Despite frequently running into foul trouble and playing just 30.4 minutes per game, his lowest figure since 1991-92, Kemp led the Cavs in scoring (17.8 ppg), rebounding (8.8 rpg) and shotblocking (1.17 bpg). He shot only .417 from the field, however, a career-low and far below his career percentage of .508 going into the 1999-2000 campaign, and he was fifth in the league with 3.5 turnovers per game.

One encouraging sign for the Cavaliers was the second-half emergence of rookie point guard Andre Miller , the team's first-round pick from Utah and the eighth overall selection in the 1999 Draft. When starter Brevin Knight missed seven of eight games in February due to right quadriceps tendonitis, Miller stepped in and averaged 16.9 points and 9.6 assists per game, including his first career triple-double of 28 points, 12 assists and 10 rebounds in a 102-94 loss to Atlanta on Feb. 5.

Miller, who started for most of the second half of the season, finished at 11.1 points and 5.8 assists per game, while Knight averaged 9.3 ppg and a team-high 7.0 apg. It's likely that one of the options Paxson had in mind was a deal involving one of Cleveland's point guards, which might plug a hole elsewhere.

Even though Ilgauskas was out, the season started off well for the Cavs, who were cruising with an 11-9 mark after routing Boston 115-88 on Dec. 14. But a 111-101 loss at New Jersey the following night touched off a seven-game losing streak, and by the All-Star break Cleveland's record had dipped to 19-30.

Following three consecutive victories, Cleveland was clinging to an outside playoff hope at 25-34 on March 5, but a six-game losing streak put an end to that.

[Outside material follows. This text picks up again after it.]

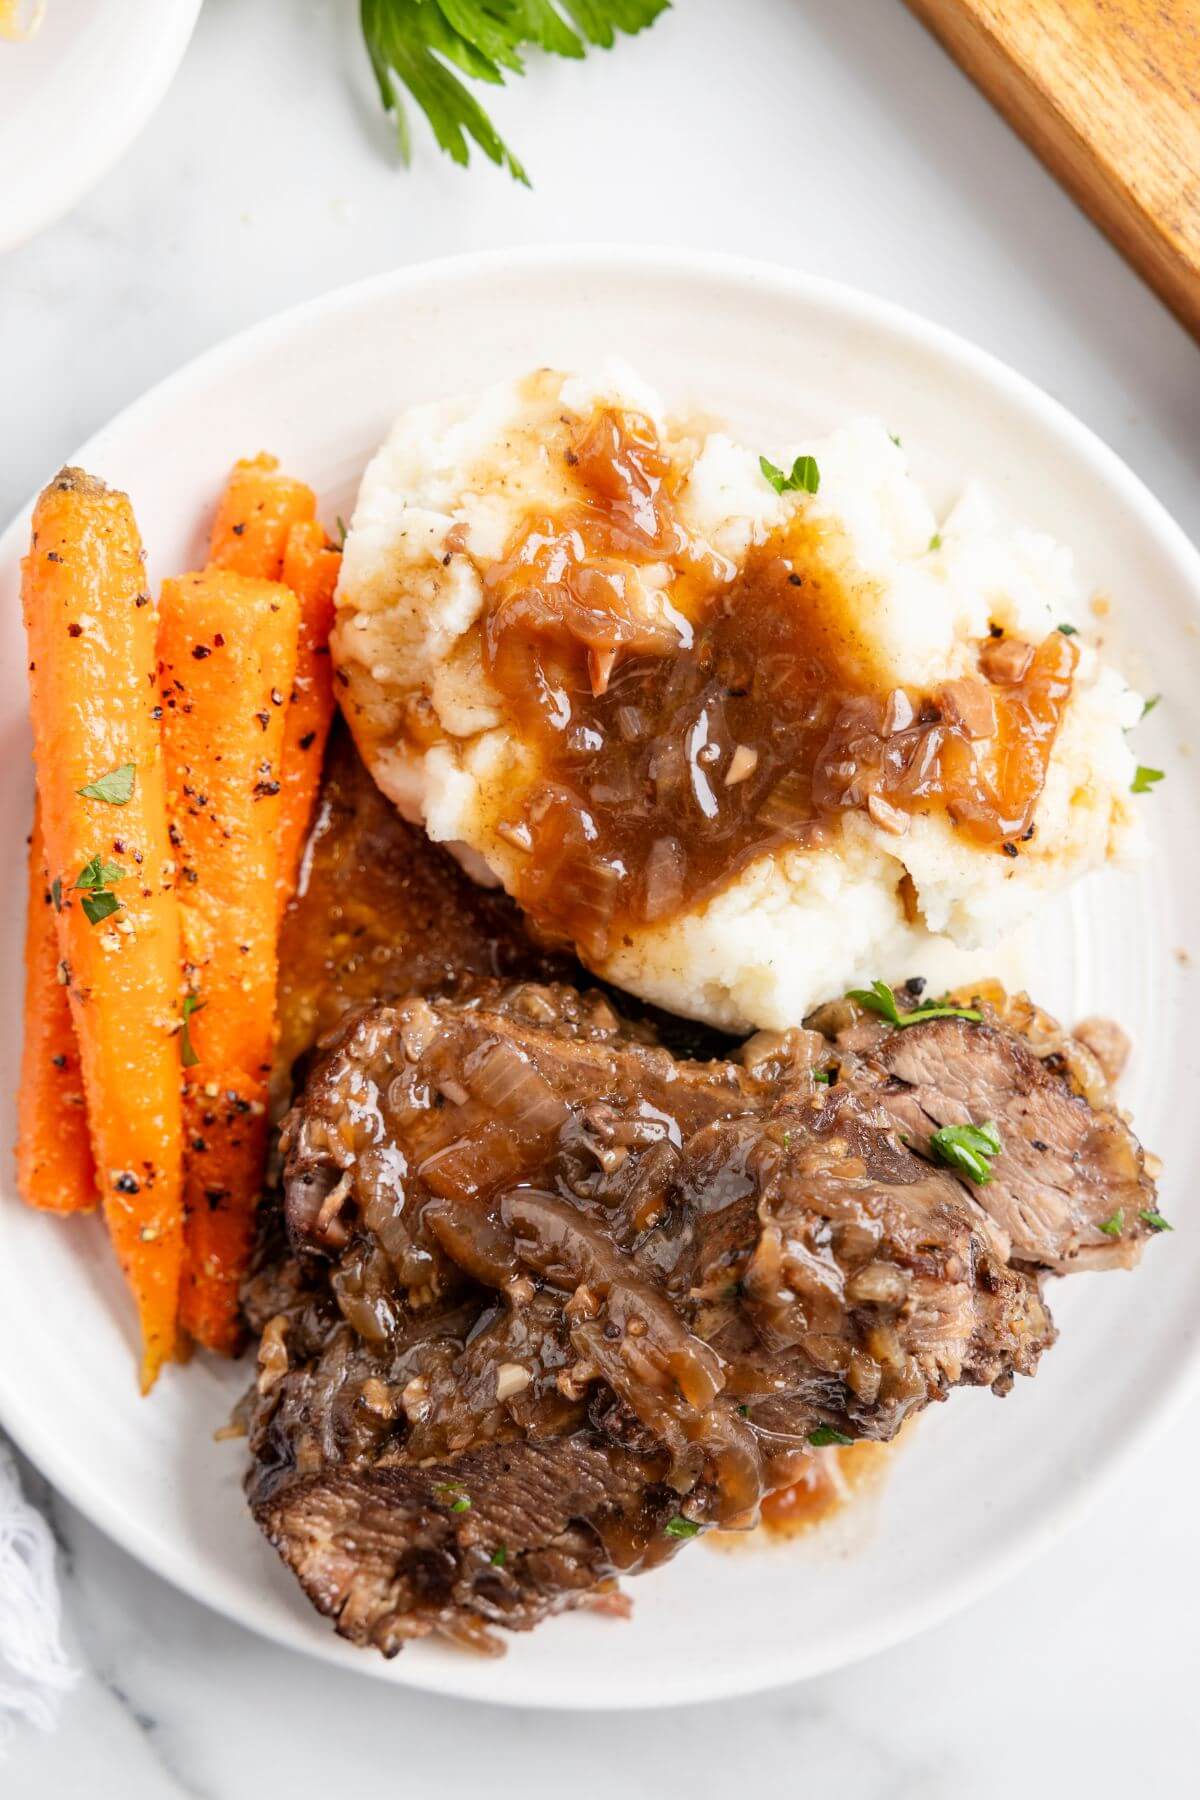 Mashed potatoes and gravy, glazed carrots, and brisket are served on a white plate.

Wittman, completing his first season as a head coach, believes the Cavs were not as far from the playoffs as their record might indicate: "You take out the close games and the games where we've at one point been in control of the game& there are a lot of them. Even if you're conservative and you take half or 40 percent of them and turn them into wins, we're in the seventh or eighth (playoff) spot."